In a notice of proposed rulemaking adopted July 8, 2015, the Federal Communications Commission proposes to revise the FCC Emergency Alert System (EAS) rules, as set forth in a letter and subsequent comments filed by the National Weather Service (NWS) of the National Oceanic and Atmospheric Administration (NOAA). Specifically, the NWS requests that the Commission add three new EAS event codes, covering extreme wind and storm surges, as well as revise the territorial boundaries of the geographic location codes for two offshore marine areas listed in the EAS rules as location codes 75 and 77. The FCC agreed with the NWS that targeted, specific warnings “will help the public and emergency officials better respond to local threat(s).”
The codes specifically requested by the NWS:
Extreme Wind Warning (EWW)
To provide advance notice of the onset of extreme sustained surface winds (greater than or equal to 115 miles per hour) associated with a major land-falling hurricane (category 3 or higher). The NWS explains that using the Tornado Warning (TOR) event code caused confusion when used to warn of Hurricane Charley’s high winds in 2004. The NWS started using the EWW code during the 2007 hurricane season.
Storm Surge Watch (SSA) and Storm Surge Warning (SSW)

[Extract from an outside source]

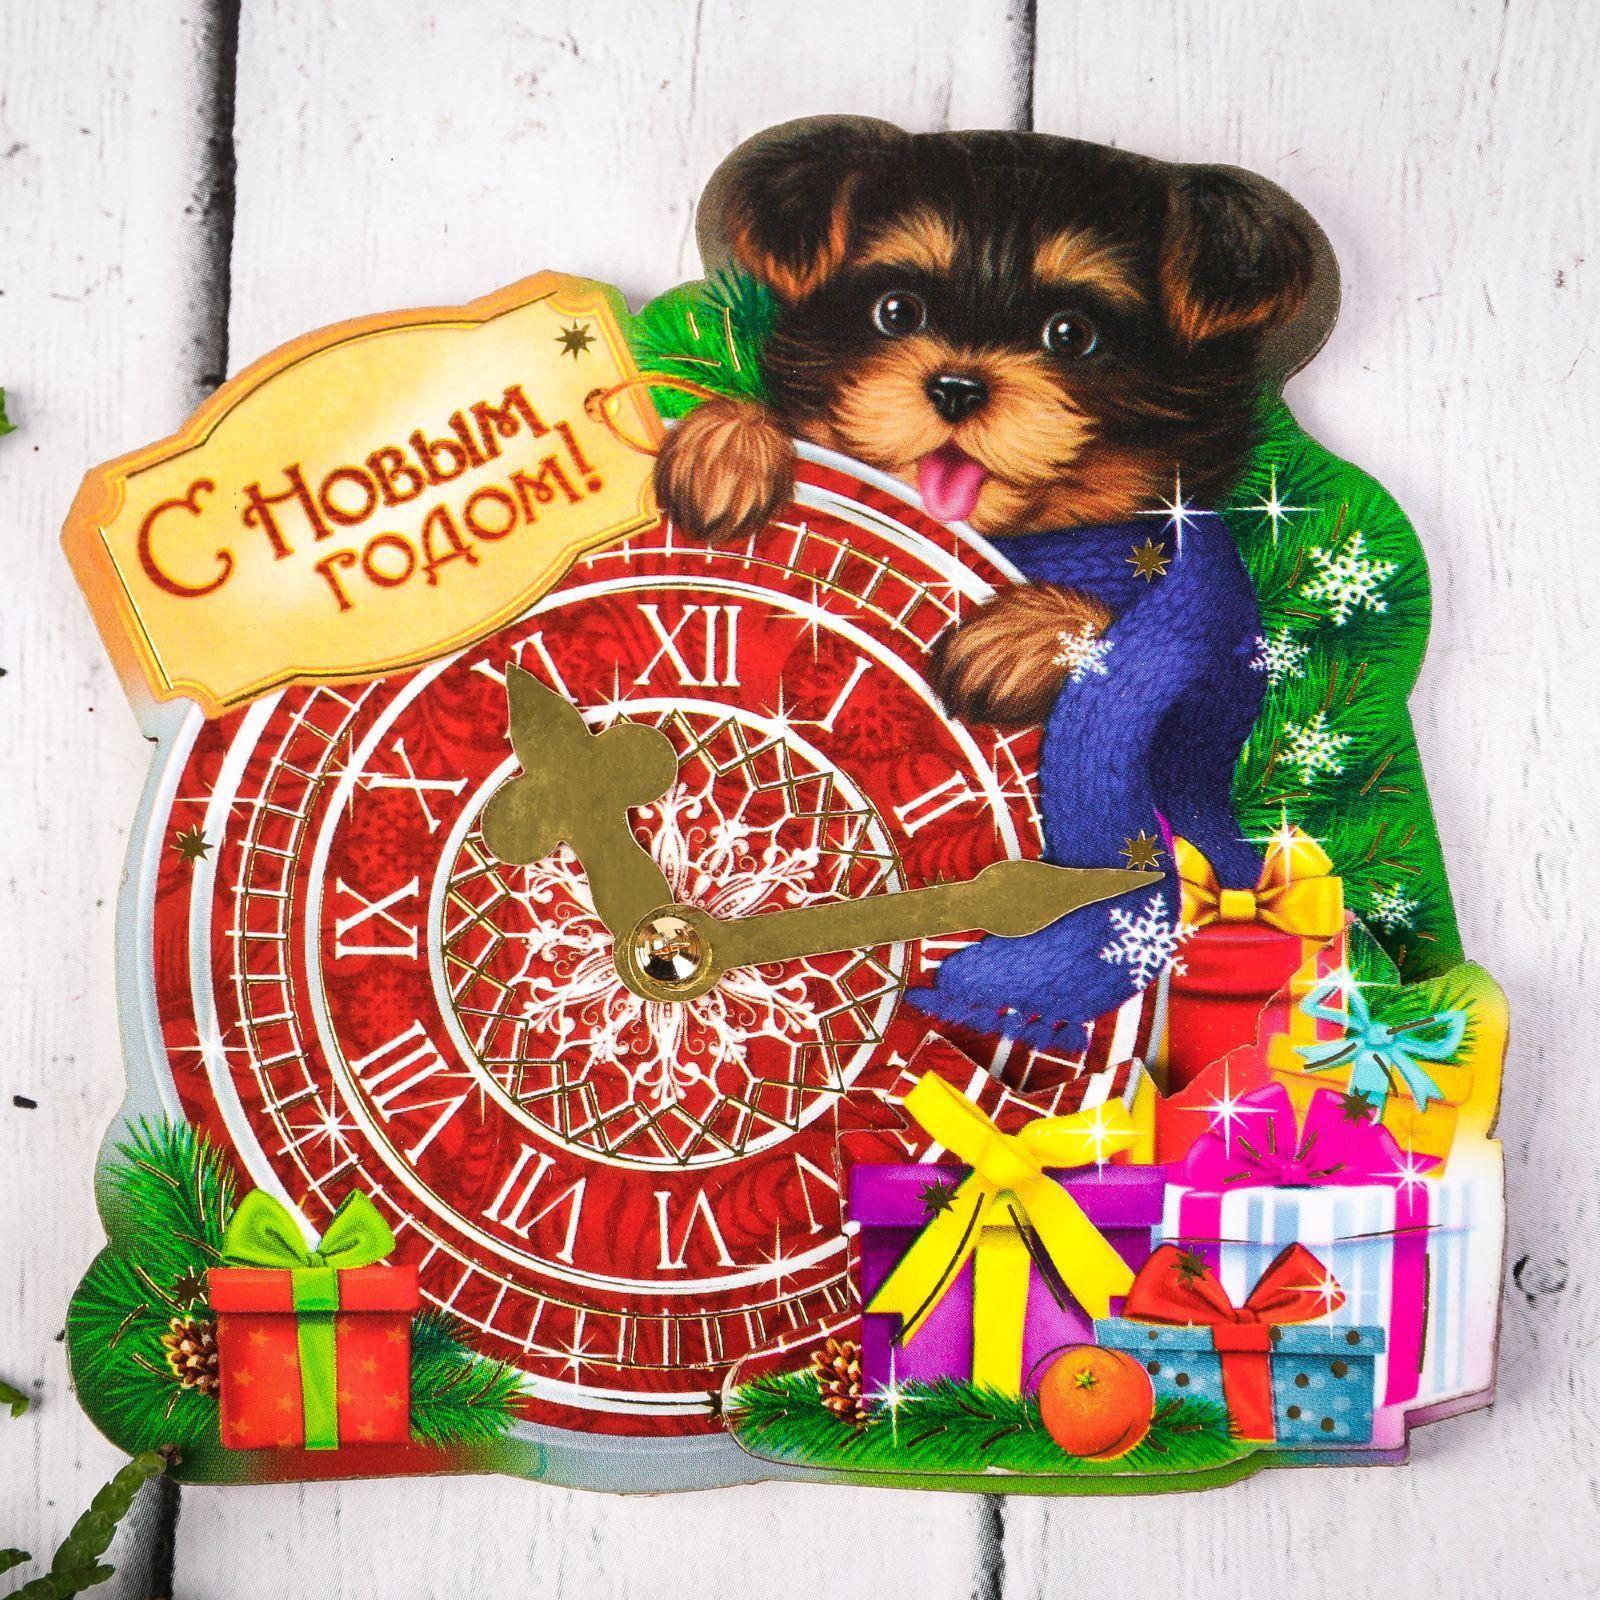 Магнит-часы Sima-land С Новым годом, 8,5 х 8,1 см1894067Порадуйте родных и близких оригинальным сувениром: преподнесите в подарок магнит. С ним даже самый серьезный человек почувствует себя ребенком, ожидающим чудо! Прикрепите его к любой металлической поверхности, и он удержит на виду важные записки, любовные послания или просто список продуктов.Создайте праздничное настроение, и оно останется с вами на весь год.
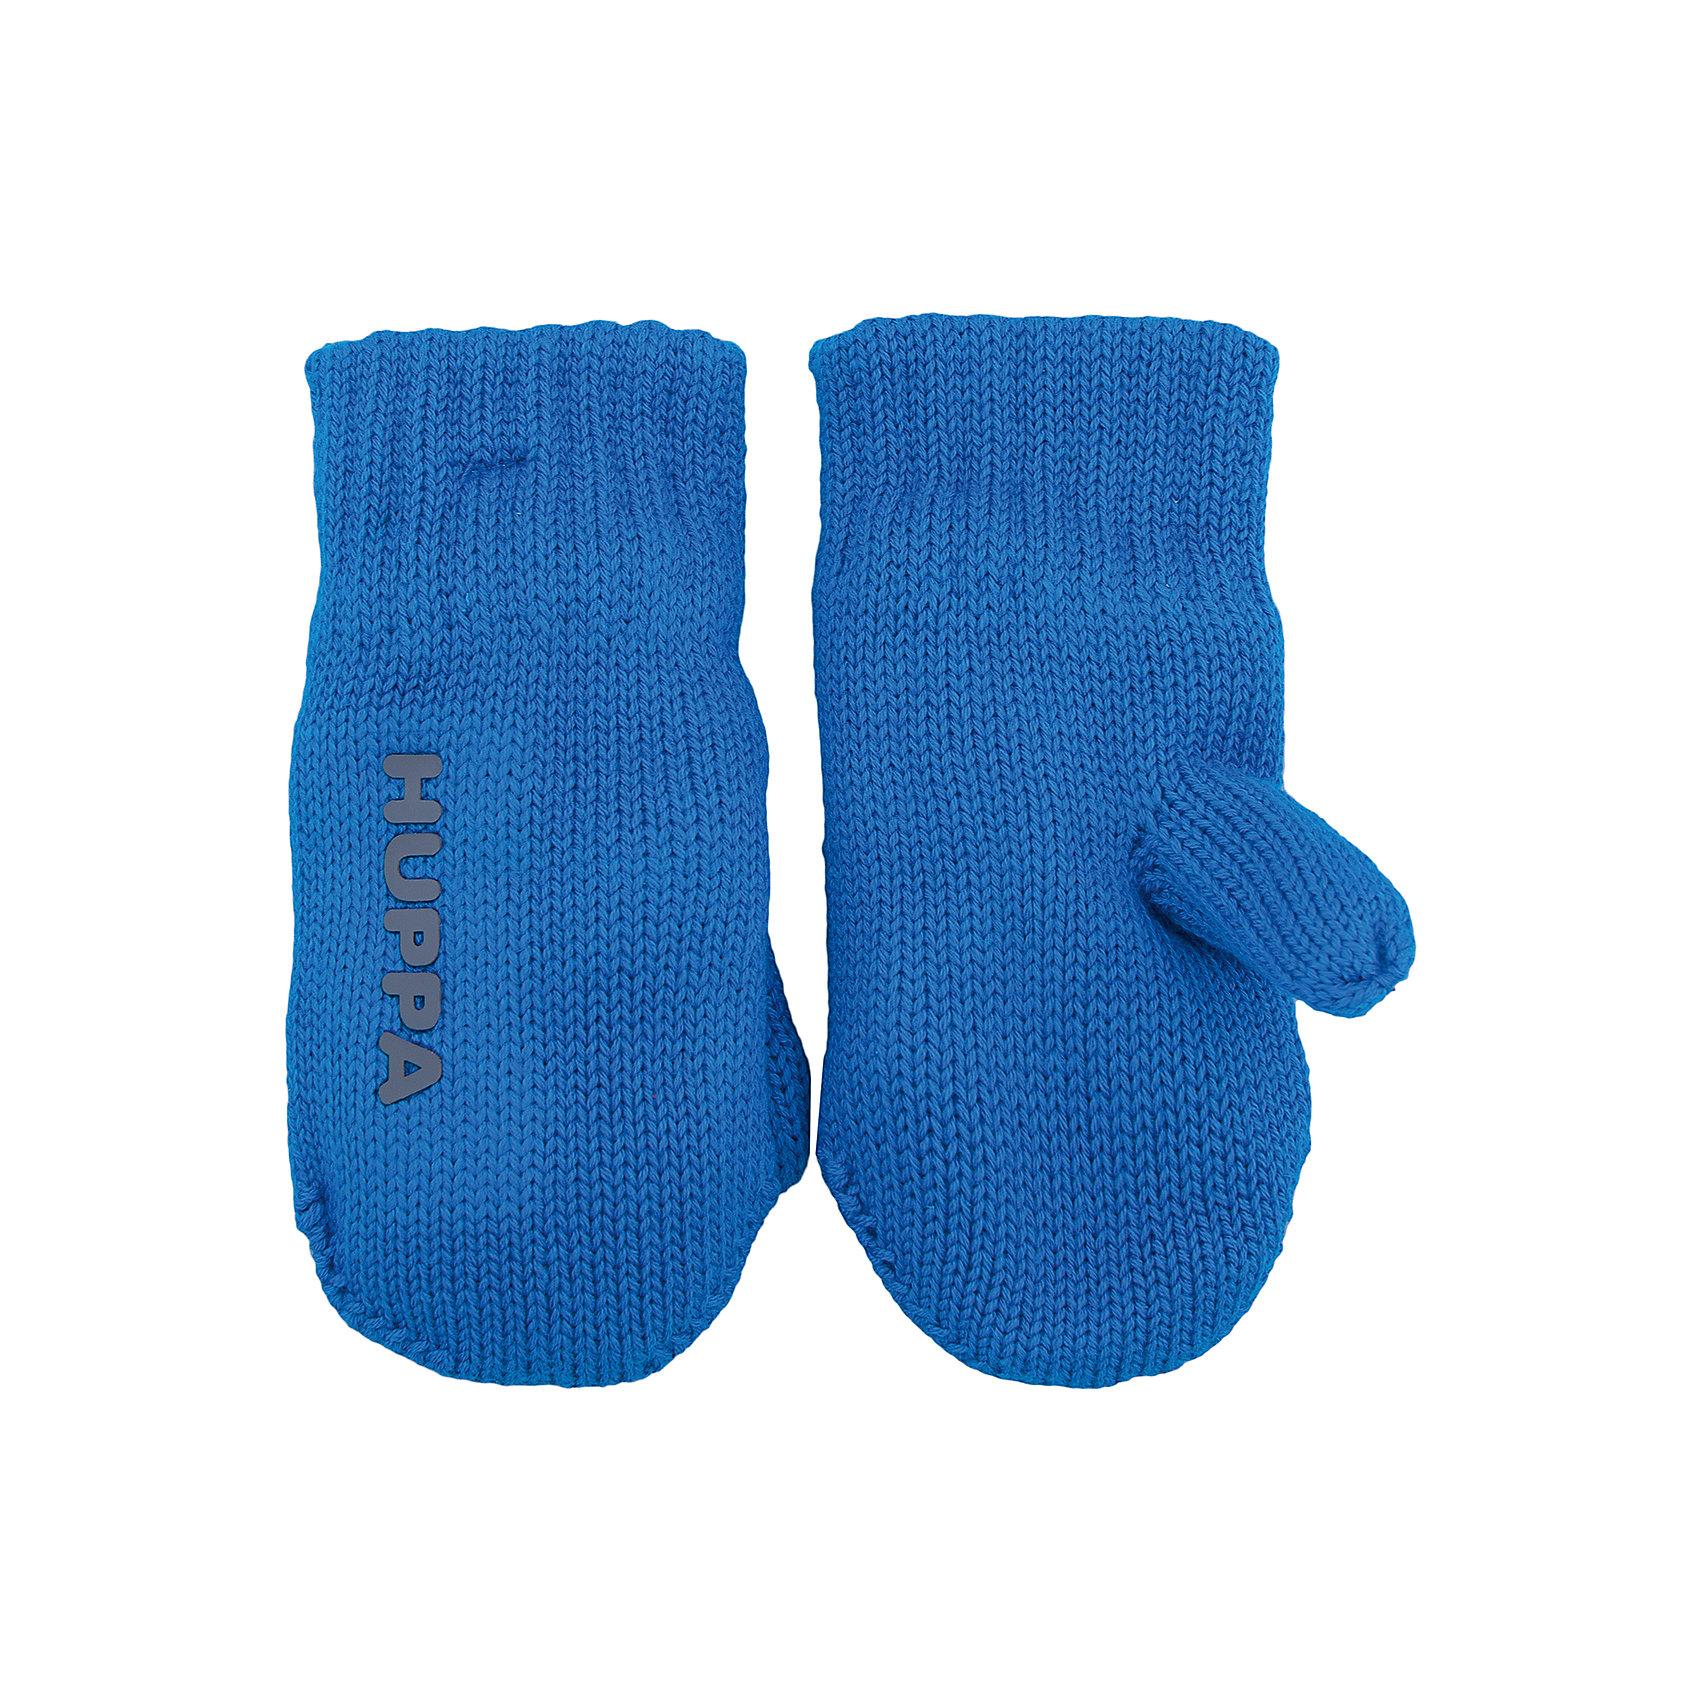 Варежки Huppa OlvinПерчатки, варежки<br>Характеристики товара:<br><br>• модель: Olvin;<br>• цвет: голубой;<br>• состав: 55% полиэстер, 20% акрил, 20% нейлон, 5% шерсть; <br>• подкладка: 100% полиэстер, флис;<br>• без дополнительного утепления;<br>• сезон: зима;<br>• температурный режим: от 0°С до -20°С;<br>• особенности: вязаные, на подкладке;<br>• светоотражающие надпись;<br>• страна бренда: Финляндия;<br>• страна изготовитель: Эстония.<br><br>Вязаные варежки на флисовой подкладке. Отлично подойдут в морозную погоду. <br><br>Варежки Huppa Olvin (Хуппа) можно купить в нашем интернет-магазине.<br><br>Ширина мм: 162<br>Глубина мм: 171<br>Высота мм: 55<br>Вес г: 119<br>Цвет: синий<br>Возраст от месяцев: 3<br>Возраст до месяцев: 12<br>Пол: Унисекс<br>Возраст: Детский<br>Размер: 1,5,4,3,2<br>SKU: 4923768

The NWS says the Storm Surge Watch/Warning will be issued when there is a significant risk of life-threatening inundation from rising water moving inland from the ocean. In the event of a storm surge, a watch (SSA) would be issued 48 hours in advance of the event taking place and a warning (SSW) would be issued 36 hours in advance of the event, and will help to mitigate damage from storm surge, the leading cause of death in tropical cyclones. The NWS currently does not issue explicit storm surge warnings, although the National Hurricane Center (NHC) has advocated for a storm surge watch and storm surge warning for a number of years. The NWS explains that the current hurricane watch/warning does not provide clear or sufficient information to allow citizens to determine if they are threatened by wind or storm surge or both.
The FCC seeks comments on adding these codes.
The NWS also requests that the Commission revise the areas defined in the geographic location codes identified in section 11.31(f) of the EAS rules as location codes 75 and 77, which cover offshore marine areas. These location codes, and their defined areas, like all the offshore (marine areas) location codes contained in the EAS Protocol, were originally adopted in 2002. Currently, the marine area defined for location code 75 covers “Western North Atlantic Ocean, and along U.S. East Coast, south of Currituck Beach Light, N.C., following the coastline into Gulf of Mexico to Bonita Beach, FL, including the Caribbean,” while location code 77 covers “Gulf of Mexico, and along the U.S. Gulf Coast from the Mexican border to Bonita Beach, FL.” The NWS indicates that it has changed the end point it uses for generating weather alerts for both of these areas from Bonita Beach, FL, to Ocean Reef, FL, and, accordingly, requests that the area covered by location code 75 be changed to “Western North Atlantic Ocean, and along U.S. East Coast, south of Currituck Beach Light, NC, following the coastline to Ocean Reef, FL, including the Caribbean,” and that the area covered by location code 77 be changed to “Gulf of Mexico, and along the U.S. Gulf Coast from the Mexican border to Ocean Reef, FL.”
The FCC also proposes revising footnote 1 of section 11.31 to delete the reference to a past deadline and to clarify that the numbers assigned to the offshore marine areas listed in the table of geographic areas in section 11.31(f), while consistent with the format of the state and territory location codes derived from the ANSI standard, are not a product of that standard, but rather were assigned by the NWS.